Orbits in graph

Question

Can anyone help me visualize orbits in graph.

Let $G=K_4$ with vertex set $V=\{1,2,3,4\}$ and edge set $E\left(K_4\right)=\{12,13,14,23,24,34\}$

Now if i take permutation $\sigma=(1~2~3~4)\in Sym(V)$ ($Sym(V)$ is permutation group on $V$.

https://math.stackexchange.com/a/423948/520264 in this answer he says that if there is $k$-cycle in permutation then there is $\Big\lfloor\dfrac{k}{2}\Big\rfloor$ orbits of edges between vertices of $k$- cycle.

Here we have $4$-cycle in $\sigma=(1~2~3~4)$ by above formula there is $\Big\lfloor\dfrac{4}{2}\Big\rfloor=2$ orbits of edges between vertices of $4$-cycle.

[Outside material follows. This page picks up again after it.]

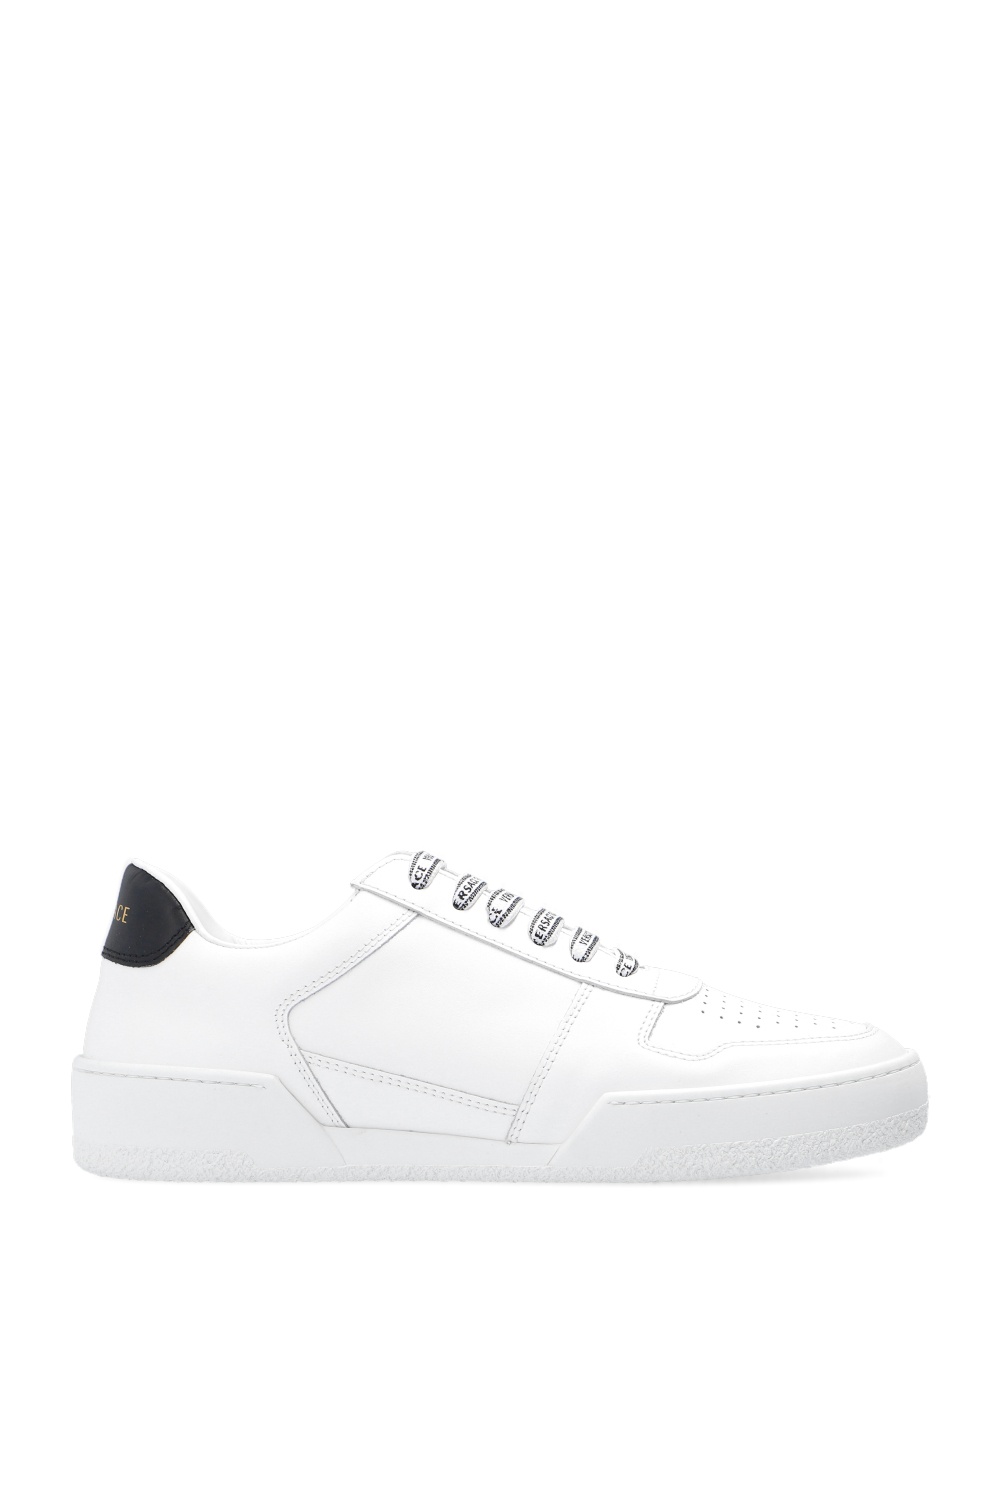 Ampere Correctly action IetpShops | Women's Shoes | Grey White Men Women Unisex Sandals Slide | Versace  adidas sneakers

Which are these two orbits?

Answer 1

$k=4$ is a bit too small to visualize, so here is a picture for $k=8$:

Imagine that we are looking at a permutation $\sigma$ that permutes these $8$ vertices in a cycle, and we want a graph fixed by this permutation. (Maybe there are also other vertices we're not looking at, because we don't care what they do for the moment.) Then:

• The $8$ red edges are an orbit of the action of $\sigma$ on $E(K_n)$. (They are either all present or all absent, if we want $\sigma$ to leave the graph unchanged.)
• The $8$ blue edges are another orbit.
• The $8$ purple edges are a third orbit.
• The $4$ orange edges are a fourth orbit.

Essentially, if you rotate the picture above by $45^\circ$, then each edge is moved to another edge of the same color.

In general, there are $\lfloor \frac k2\rfloor$ orbits characterized by the length of an edge, when we draw the vertices in the cycle as a regular $k$-gon.